Summer of Tensions
- kalyssadan
- Aug 15, 2016
- 2 min read

This summer has been full of tensions that I have felt. At work the tension arise between the task at hand, and the relationships I create at work. With my family it is between wanting to make them proud in my accomplishments, and just spending some simple time with them. Likewise, with friends it is whether to be supportive and encouraging to them, and whether to be honest and show a little tough love. Then there is tension created between these tensions based on how much time I want to spend in each relationship or goal. All of this to say that I have felt pulled in many different ways this summer, and continue to see that I am limited in the time and efforts I can exhort. I am not saying that due to these tensions I lower my capabilities. Rather, I just know that time is a limited and probably the most valuable resource that we have.
I know that I do not love conflict. I am developing frameworks to develop how I handle it, but for the most part tension is not my thing. I feel this truth coming our when I think about the tensions with time I have had this summer. My first thought is that tensions are bad. They create inefficiencies with time because you take the time to solve the polarized ends rather than working towards a common task or goal. However, they are not bad or inefficient. They create more complexities to your original task, goal, or relationship and allow you to grow in more complex ways than I had expected.

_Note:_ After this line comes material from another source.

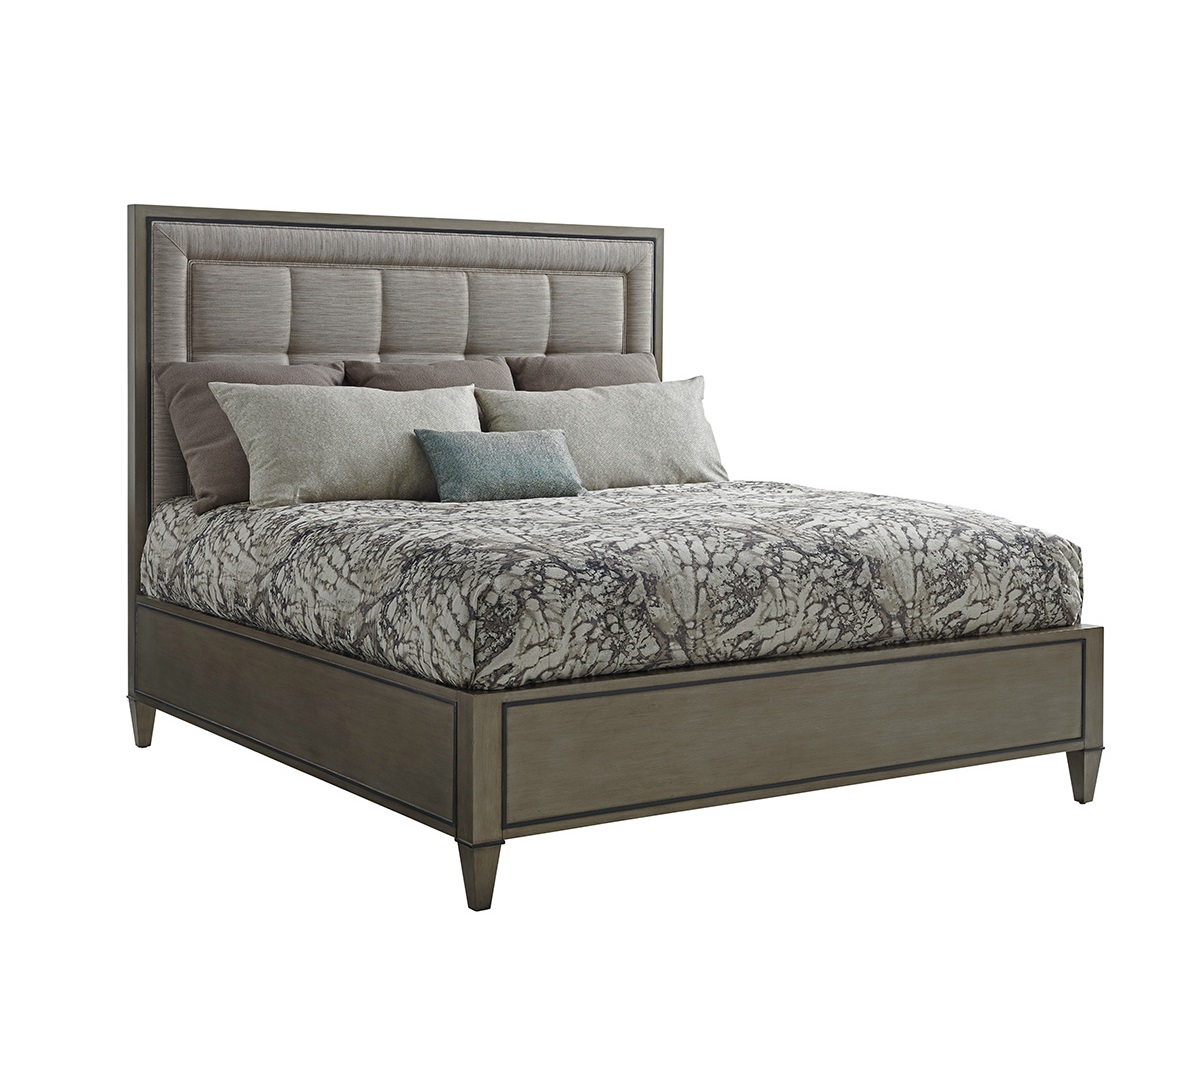 Ariana ST. Tropez Bed, Lexington Upholstered Panel Bed

As I head back to school for my junior year I know that there will be added elements to these tensions. By adding school and being farther from home to the mix, the complexities with my family and friends back home will increase. Now that I am able to see these added elements as an avenue for growth and just something new to learn how to handle I think I will see my time differently. Initially I want to hold onto time more because there are more things to do, but I don’t think this is very productive. If I don’t take the time to identify what is in tension and to make a choice on my priorities and how to spend my time I am going to feel stressed in overwhelmed by my lack of time. As I remember this going back to school I will be able to enjoy the time I have and not waste it as a resource.